M Sept. 10, 2021, 9:54 a.m. UTC | #1
It doesn't seem like the patch series is going
to end up improving anything, so I'm closing it.

Greetings,
Maxime
diff mbox series

Patch

From d359fefabf2831e42aea6edf646a9e0373be5d0f Mon Sep 17 00:00:00 2001
From: Maxime Devos <maximedevos@telenet.be>
Date: Sat, 4 Sep 2021 18:10:32 +0200
Subject: [PATCH 10/10] gexp: Do not intern if the file is already in the
 store.

* guix/gexp.scm (local-file-compiler): When the file is already in the
  store, re-use the fixed output path instead of interning the file
  again.
* guix/gexp.scm (add-temp-root-and-valid-path?*): New procedure.
---
 guix/gexp.scm | 32 +++++++++++++++++++++++++-------
 1 file changed, 25 insertions(+), 7 deletions(-)

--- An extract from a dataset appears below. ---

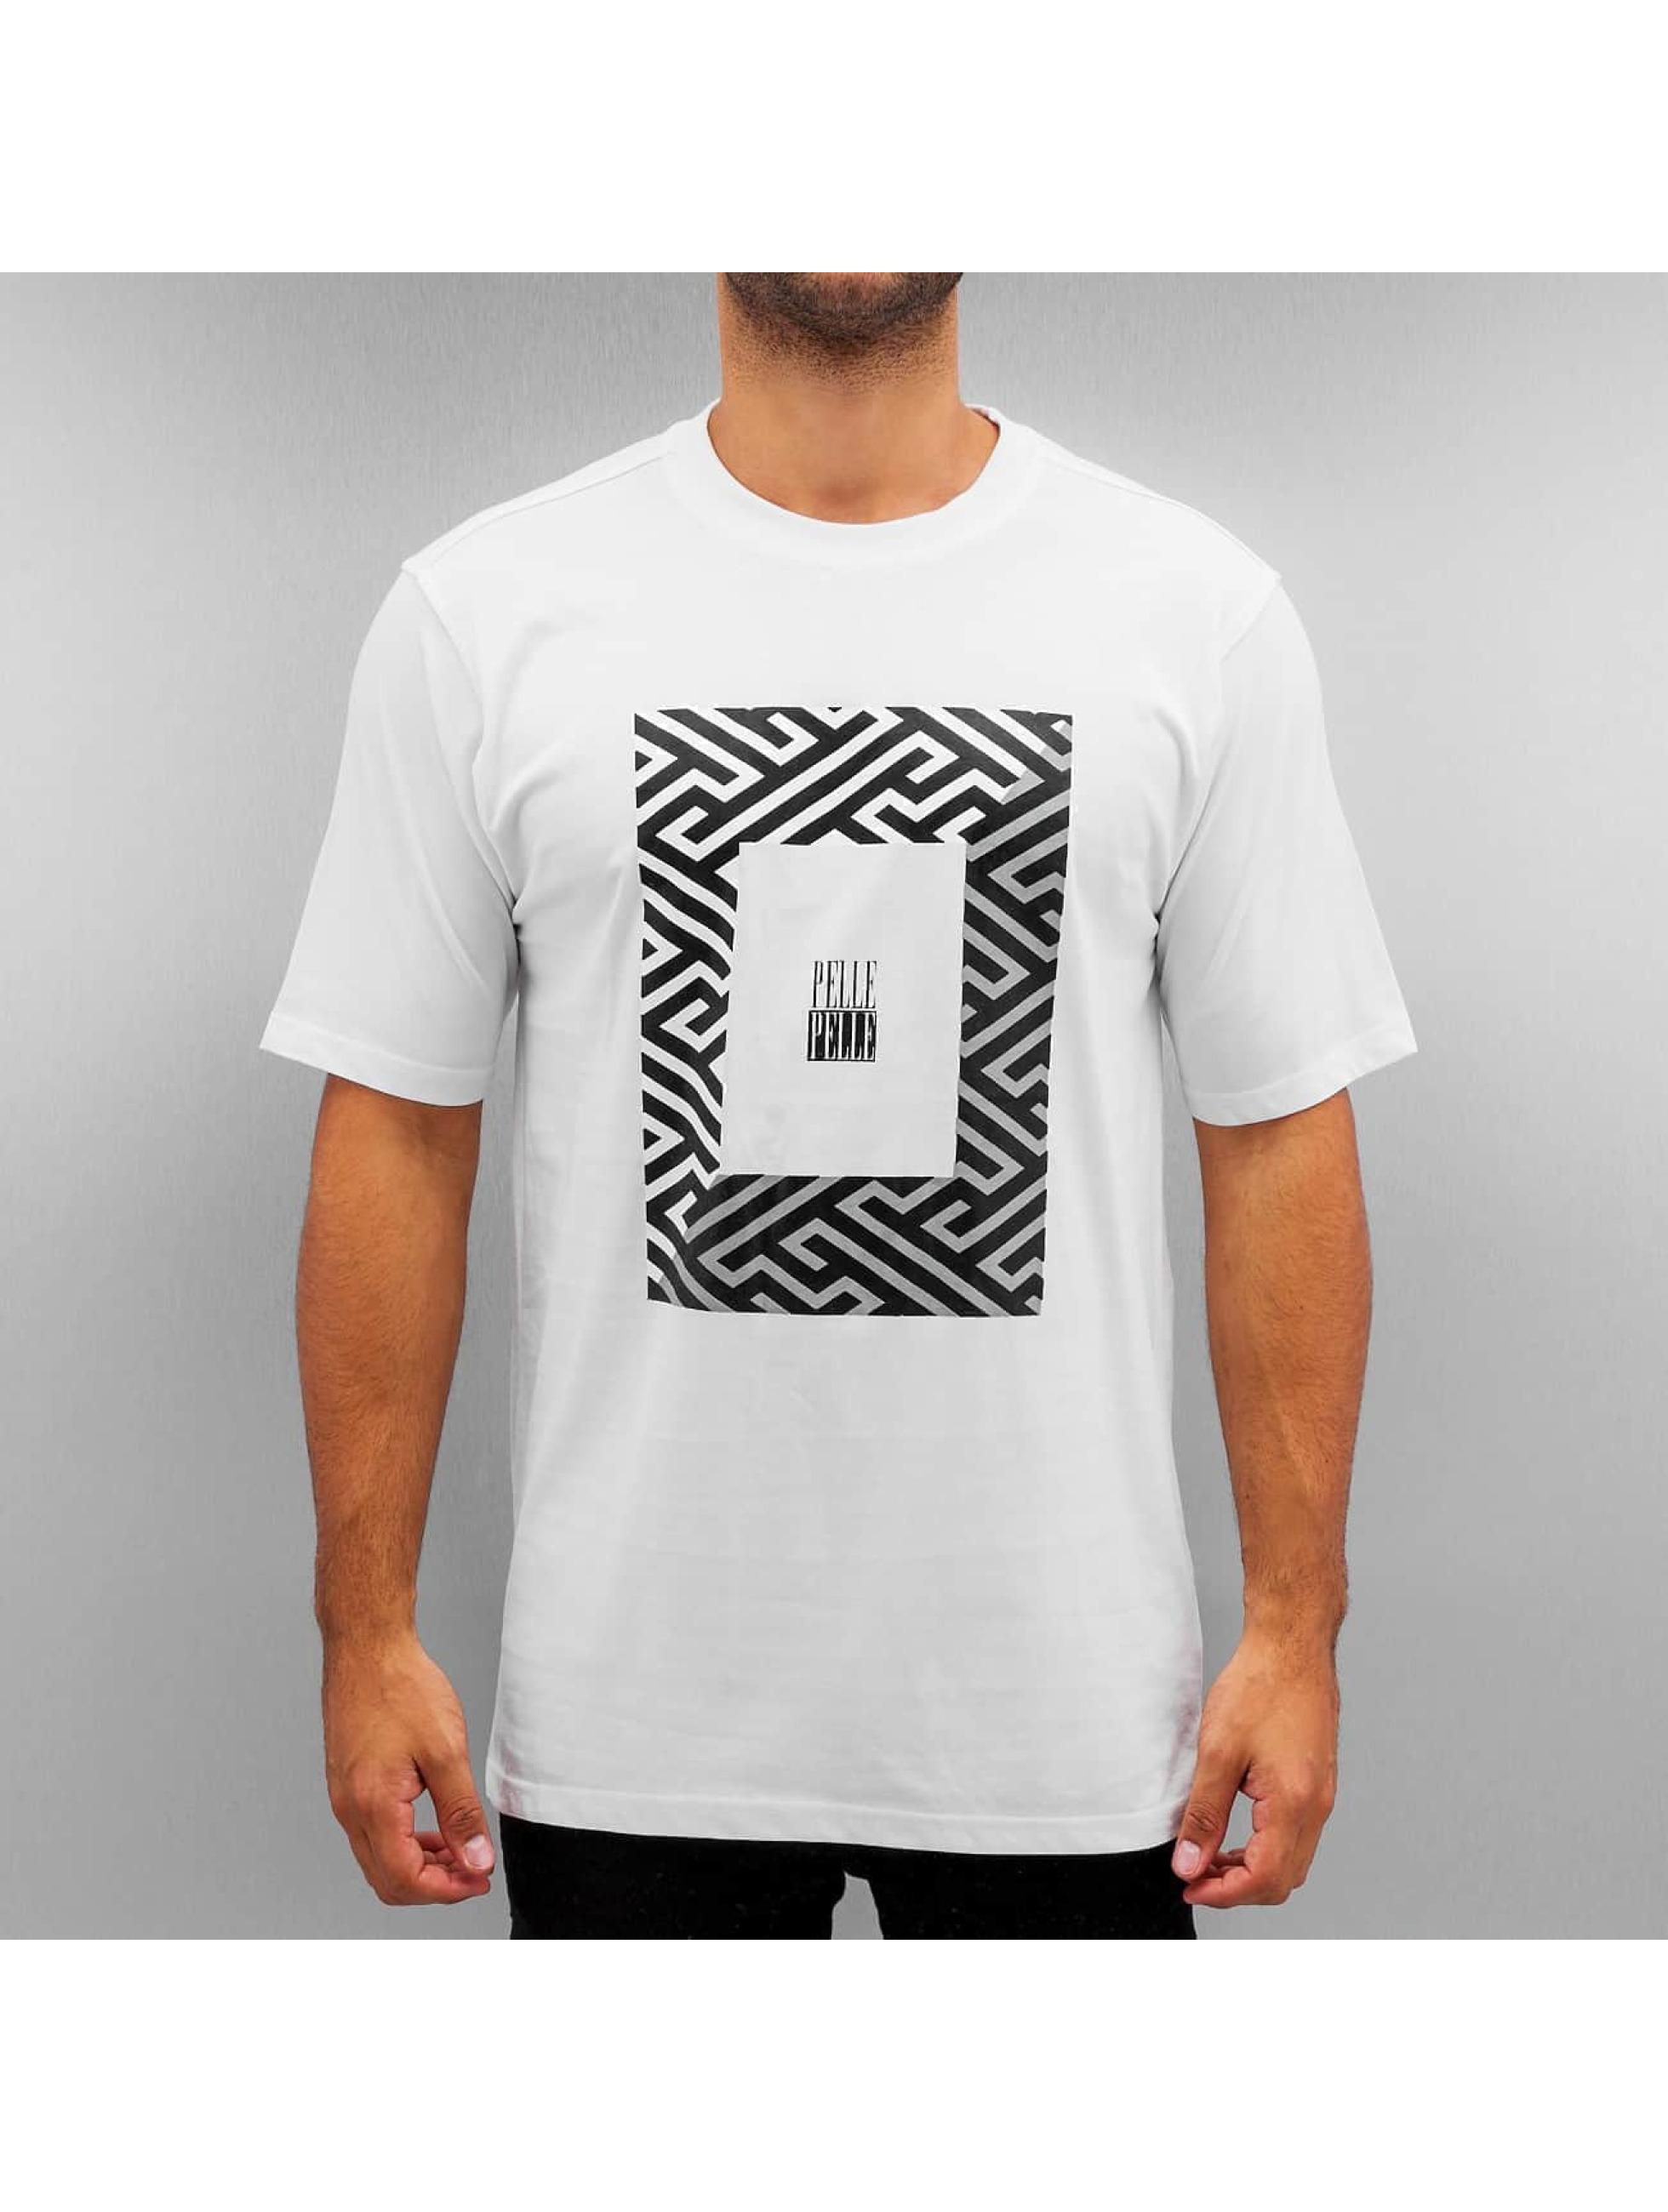 Pelle Pelle t-shirt 50/50 Dark Maze wit
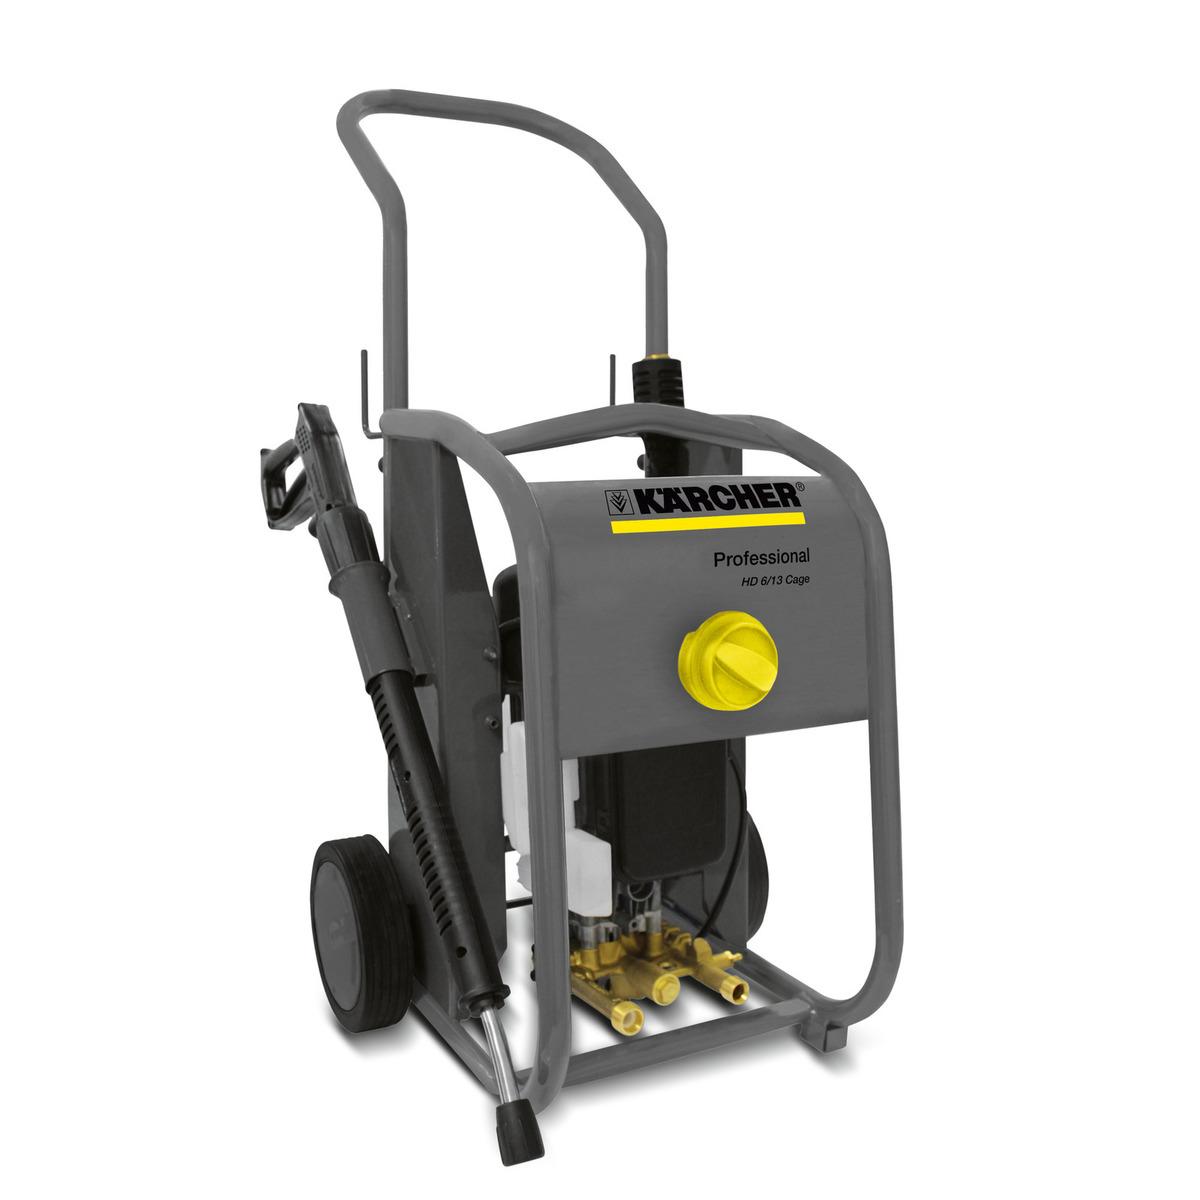 Lavadora de Alta Pressão Karcher - HD 6/15 CAGE PLUS  - 2175 psi 220V 3300W

diff --git a/guix/gexp.scm b/guix/gexp.scm
index c69e4aa299..20c9d93170 100644
--- a/guix/gexp.scm
+++ b/guix/gexp.scm
@@ -528,16 +528,34 @@  appears."
 'system-error' exception is raised if FILE could not be found."
   (force (%local-file-absolute-file-name file)))
 
+(define add-temp-root-and-valid-path?* (store-lift add-temp-root-and-valid-path?))
+
 (define-gexp-compiler (local-file-compiler (file <local-file>) system target)
   ;; "Compile" FILE by adding it to the store.
   (match file
-    (($ <local-file> file (= force absolute) name sha256 recursive? select?)
-     ;; Canonicalize FILE so that if it's a symlink, it is resolved.  Failing
-     ;; to do that, when RECURSIVE? is #t, we could end up creating a dangling
-     ;; symlink in the store, and when RECURSIVE? is #f 'add-to-store' would
-     ;; just throw an error, both of which are inconvenient.
-     (interned-file absolute name
-                    #:recursive? recursive? #:select? select?))))
+    ;; Delay computing the absolute file name until 'intern', as this
+    ;; might be a relatively expensive computation (e.g. if search-patch
+    ;; is used), especially on a spinning disk.
+    (($ <local-file> file absolute-promise name sha256 recursive? select?)
+     (let ()
+       (define (intern)
+         ;; Canonicalize FILE so that if it's a symlink, it is resolved.
+         ;; Failing to do that, when RECURSIVE? is #t, we could end up creating
+         ;; a dangling symlink in the store, and when RECURSIVE? is #f
+         ;; 'add-to-store' would just throw an error, both of which are
+         ;; inconvenient.
+         (interned-file (force absolute-promise) name
+                        #:recursive? recursive? #:select? select?))
+       ;; If the hash is known in advance and the store already has the
+       ;; item, there is no need to intern the file.
+       (if sha256
+           (let ((path (fixed-output-path name sha256 #:recursive? recursive?)))
+             (mlet %store-monad ((valid? (add-temp-root-and-valid-path?* path)))
+               (if valid?
+                   (return path)
+                   (intern))))
+           ;; If PATH does not yet exist, fall back to interning.
+           (intern))))))
 
 (define-record-type <plain-file>
   (%plain-file name content references)
-- 
2.33.0